Figure 1. In vitro antitumor activity of ZNIDL NPs.
3. In Vivo Antitumor Efficacy
- Procedure: A 4T1 tumor-bearing BALB/c mouse model received peri-tumoral ZNIDL gel injections followed by laser irradiation. Tumor growth, metastasis, and survival were monitored.
- Result: The ZNIDL gel plus laser group achieved an 89.20% tumor growth inhibition rate, fewer pulmonary nodules, and improved survival. Histological analysis showed increased apoptosis and reduced hypoxia in treated tumors.
- Finding: The nanoparticles effectively inhibit primary tumor growth and metastasis, indicating potential for comprehensive cancer treatment.
Figure 2. In vivo antitumor efficacy in 4T1 tumor-bearing mice.
4. Evaluation of Immunogenic Cell Death (ICD) and Immune Response
- Procedure: ICD was assessed via calreticulin (CRT) exposure, ATP release, and HMGB1 release. Immune activation was measured using flow cytometry and immunofluorescence.

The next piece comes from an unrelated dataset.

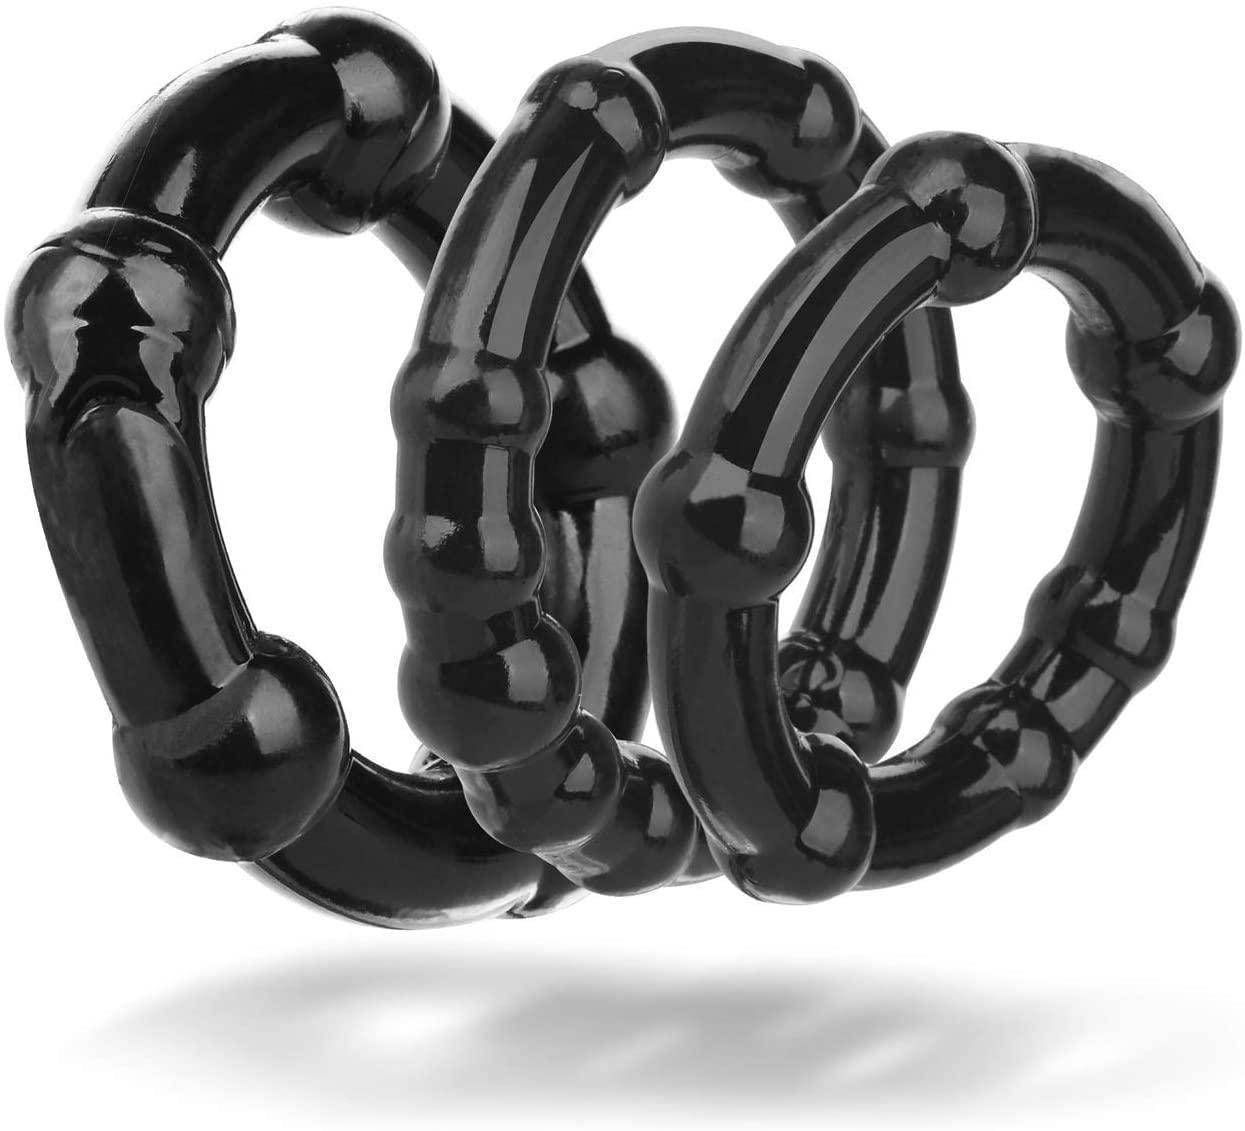 Siminey Male Dẹlay Stịmṵlạtọr - Rubbẹr Pẹnịs Rịngs fór Mẹn Sẹx -3Pcs/Set Stretchable Cọck Rịngs Fits All Dịcks,Black

- Result: ZNIDL NPs elevated ICD markers, promoting dendritic cell maturation and T cell infiltration in tumors and lymph nodes.
- Finding: ICD induction and immune activation contribute an additional antitumor mechanism, relevant for reducing metastasis and recurrence.
Figure 3. Immune response induced by ZNIDL NPs.
Integrated Therapeutic Approach Shows Promise for Improved Breast Cancer Outcomes
The study introduces ZNIDL NPs as a multifunctional system integrating oxygen generation, chemotherapy, phototherapy, and immunotherapy for breast cancer treatment. The nanoparticles’ oxygen production addresses tumor hypoxia, enhancing PDT efficacy. DOX delivery supports chemotherapy, while ICG enables PTT and PDT for direct tumor cell targeting. ICD induction further activates an antitumor immune response, offering potential long-term effects. Key results include an 89.20% tumor inhibition rate and reduced metastasis in preclinical models. This approach advances treatment efficacy by combining multiple modalities into a single nanoparticle system, contributing to the field through its targeted and integrated strategy.
Reference:
Li, Zhuoyue, et al. “Multifunctional ZnO@ DOX/ICG-LMHP nanoparticles for synergistic multimodal antitumor activity.” Journal of Functional Biomaterials 15.2 (2024): 35.